24 mai : Molière crée Les Fourberies de Scapin au Palais-Royal, revenant à la forme première du théâtre comique, la farce, et aux tréteaux nus. Le succès n’est pas au rendez-vous.
24 juillet : Reprise au Palais-Royal, rénové pour l’occasion, de Psyche. Immense succès, un des plus importants connus par la troupe.
2 décembre : La troupe, invitée à la cour, y crée, au cours d’un spectacle présentant, dans un Ballet des ballets, les plus beaux extraits des ballets dansés jusque-là à la cour, une comédie, La Comtesse d’Escarbagnas, à l’intérieur de laquelle est insérée une pastorale, dont le texte a disparu. Molière, pour la reprise de la pièce l’année suivante au Palais-Royal, remplacera cette pastorale par Le Mariage forcé puis par L’Amour médecin.
1672
17 février : Mort de Madeleine Béjart.
11 mars : Première des Femmes savantes au Palais-Royal.
29 mars : Lully, qui a su manœuvrer auprès du roi, obtient un privilège pour l’établissement d’une académie royale de musique, qui lui assure un monopole quasi-total en matière de spectacle et lui donne l’exclusivité en matière de musique et de ballet. Violente protestation de Molière, à la fois pour défendre sa troupe, mais aussi parce qu’il ne partage pas la conception de Lully de la musique comme ossature du spectacle. Pour Molière, c’est le texte qui est premier.
1er octobre : Baptême du troisième enfant de Molière, Pierre, qui ne vit que quelques jours.
1673
10 février : Première du Malade imaginaire au Palais-Royal. Pour la partie chantée et dansée, Molière a passé outre au privilège accordé à Lully, et il fait appel à un nouveau compositeur, Marc-Antoine Charpentier.
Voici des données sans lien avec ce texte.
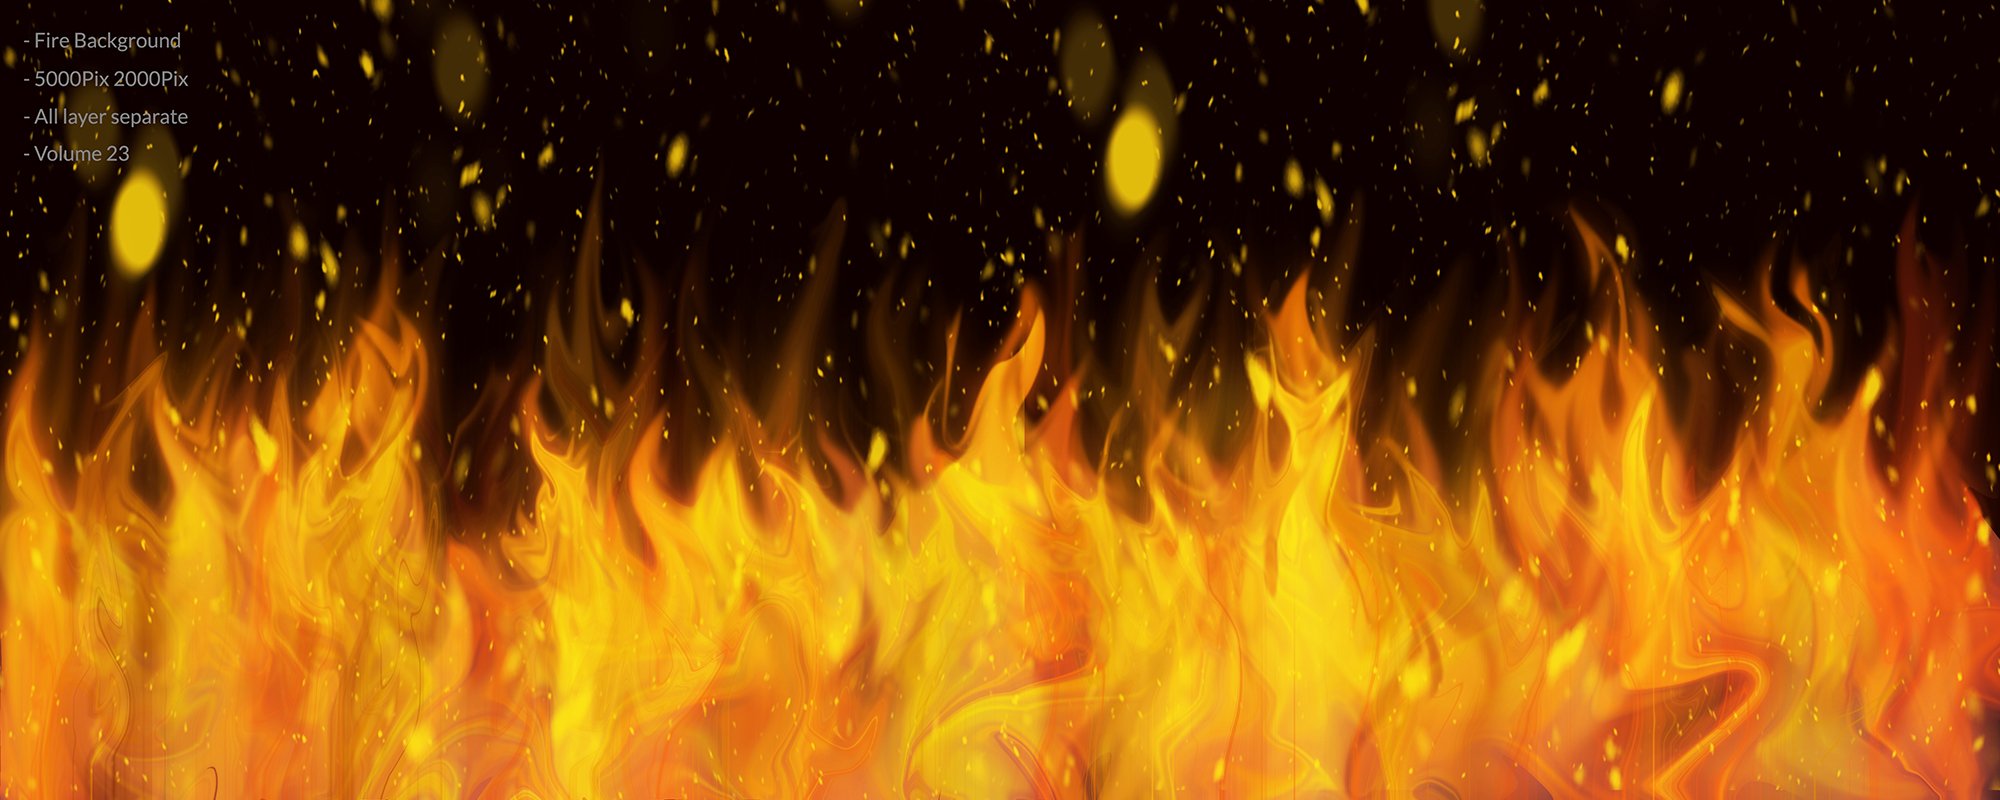 fire background 23 88

17 février : Quatrième représentation du Malade imaginaire. Molière est pris d’une convulsion en prononçant le « juro » de la cérémonie finale. Il crache le sang. On le ramène chez lui, rue de Richelieu, dans la maison qu’il occupe depuis l’année précédente. Il y meurt à dix heures du soir, sans avoir reçu les derniers sacrements. Il faut l’intervention d’Armande auprès du roi pour que les autorités religieuses acceptent un enterrement discret. Le corps est inhumé le 21 février, de nuit, au cimetière Saint-Joseph, dans une partie réservée aux enfants morts-nés, c’est-à-dire, n’étant pas terre sainte.
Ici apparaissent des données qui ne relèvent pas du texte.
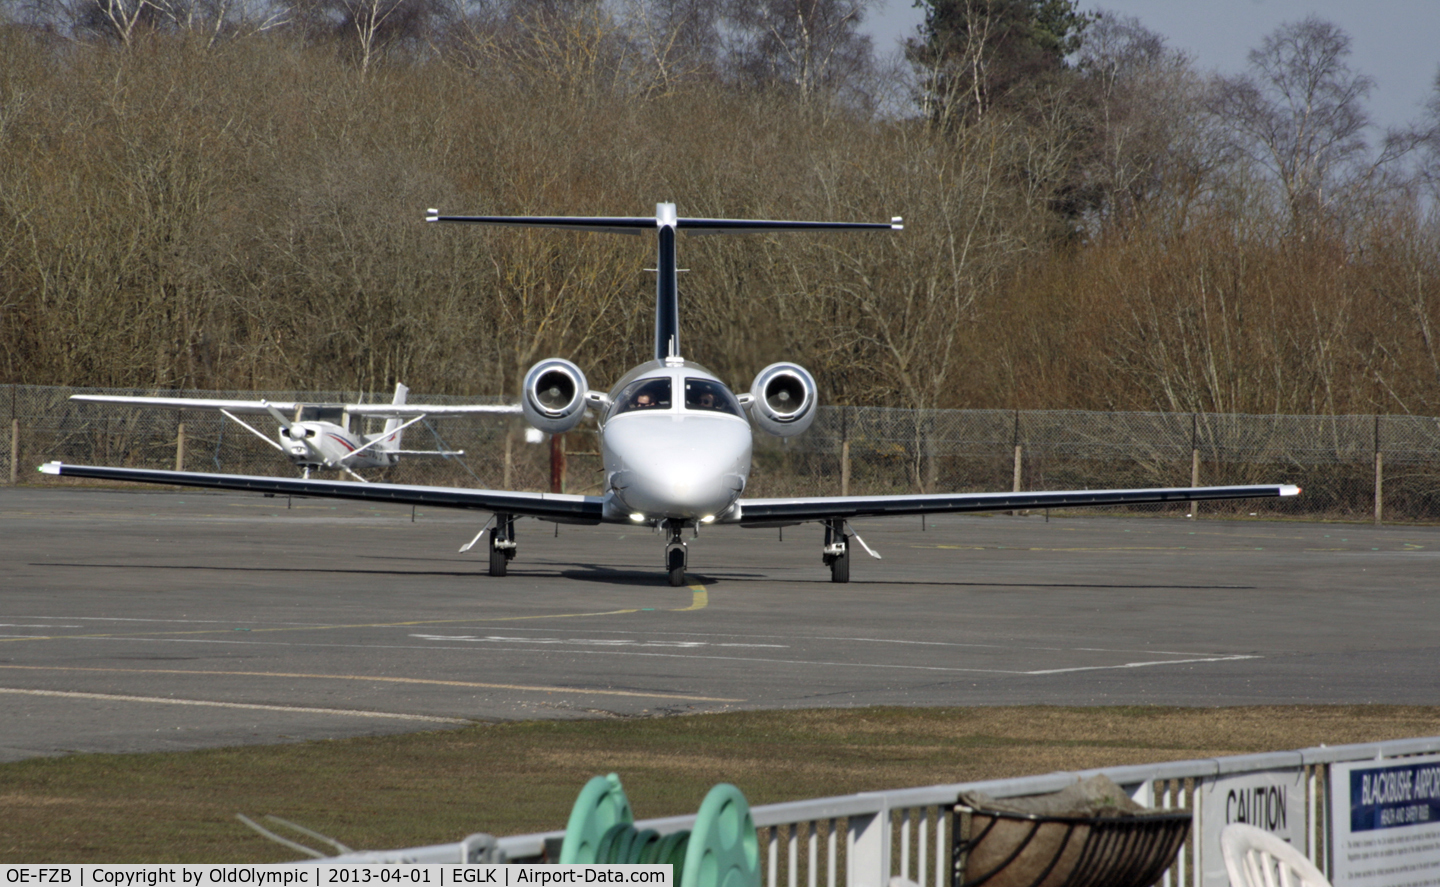 OE-FZB, 2008 Cessna 510 Citation Mustang Citation Mustang C/N 510-0145, Leaving stand for  departure R/W 07

9 juillet : Réunion des comédiens de Molière et de la troupe du Marais dans une nouvelle « troupe du roi ». La fusion des deux troupes sera parachevée par la création, en 1680, de la Comédie-Française.
1677
Remariage d’Armande avec le comédien Guérin d’Estriché. Elle mourra en 1700, tandis que le seul enfant survivant de Molière, sa fille Esprit-Madeleine, mourra sans enfant en 1723.
1682
Publication des Œuvres de monsieur de Molière, contenant l’ensemble du théâtre, dont les sept comédies qui n’avaient pas été éditées du vivant de Molière.